-------- Recorded data
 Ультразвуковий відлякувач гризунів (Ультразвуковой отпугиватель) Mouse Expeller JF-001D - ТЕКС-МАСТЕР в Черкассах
----------------
-------- Recorded data
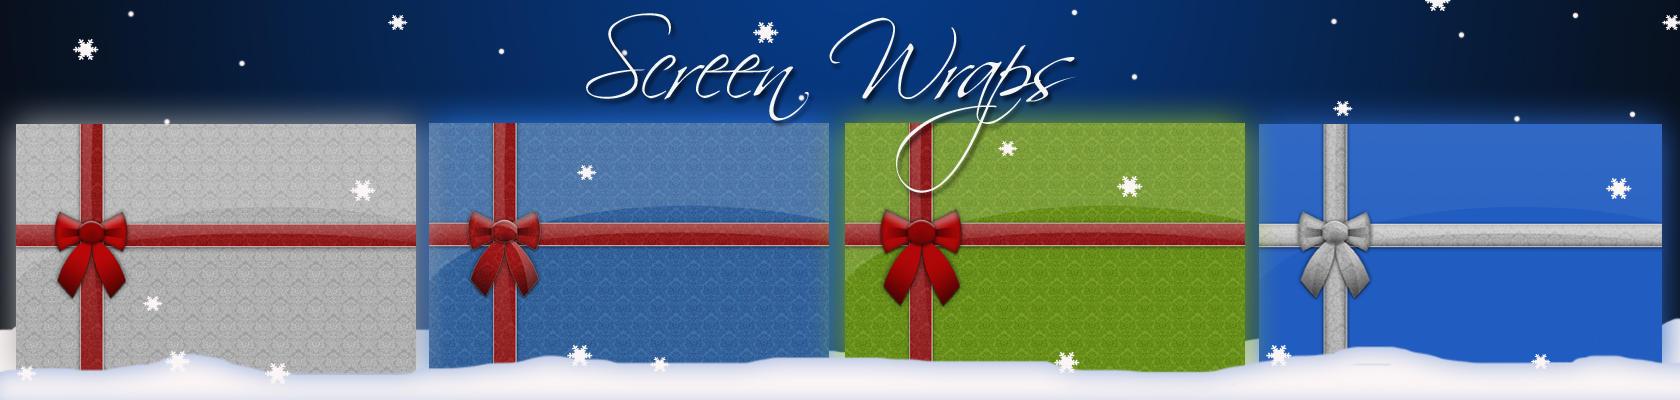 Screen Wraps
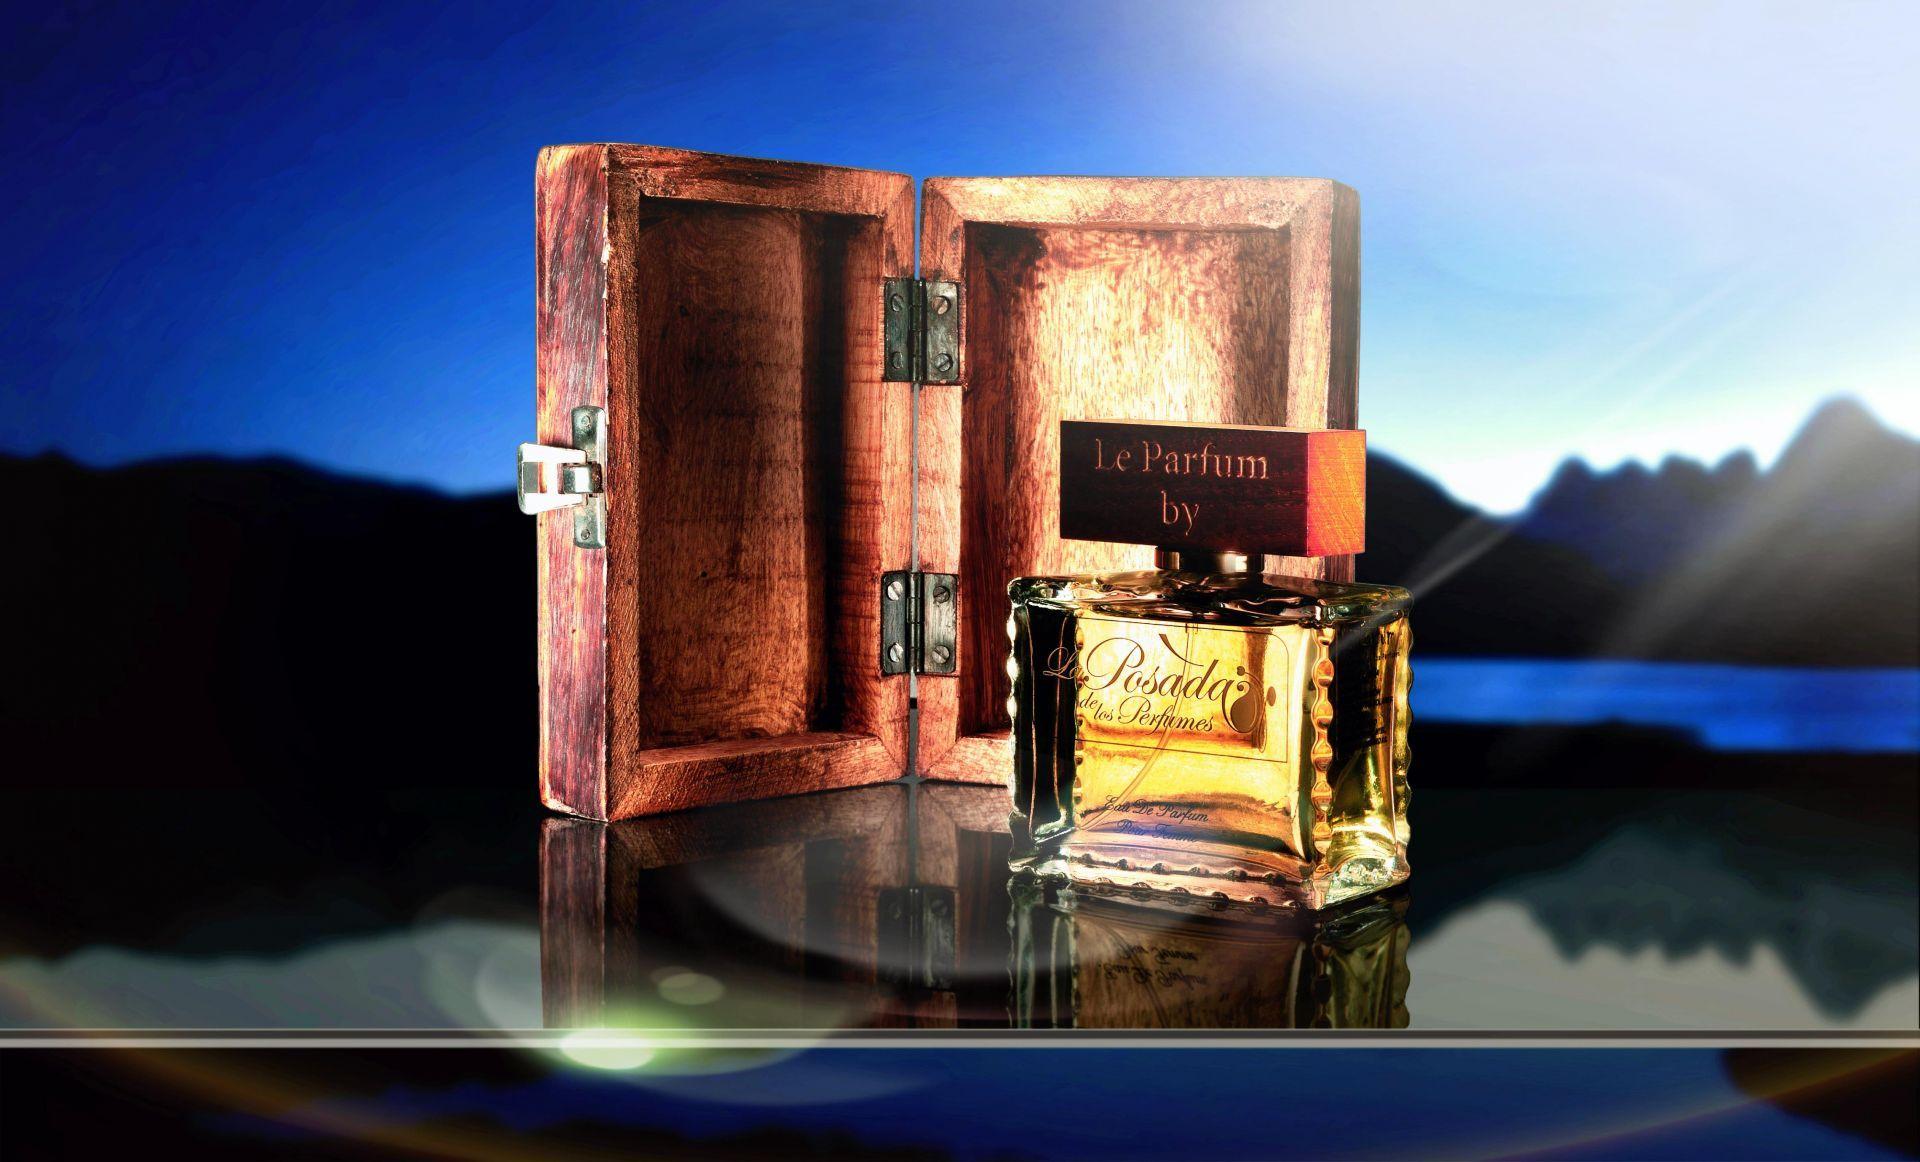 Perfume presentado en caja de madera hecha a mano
----------------
= Task to carry out =
In the entries above, which lines run from the one with "Screen Wraps" up to and including the one with "Perfume presentado en"? Write them out exactly, without the pictures.

= Output of the task =
 Screen Wraps
 Perfume presentado en caja de madera hecha a mano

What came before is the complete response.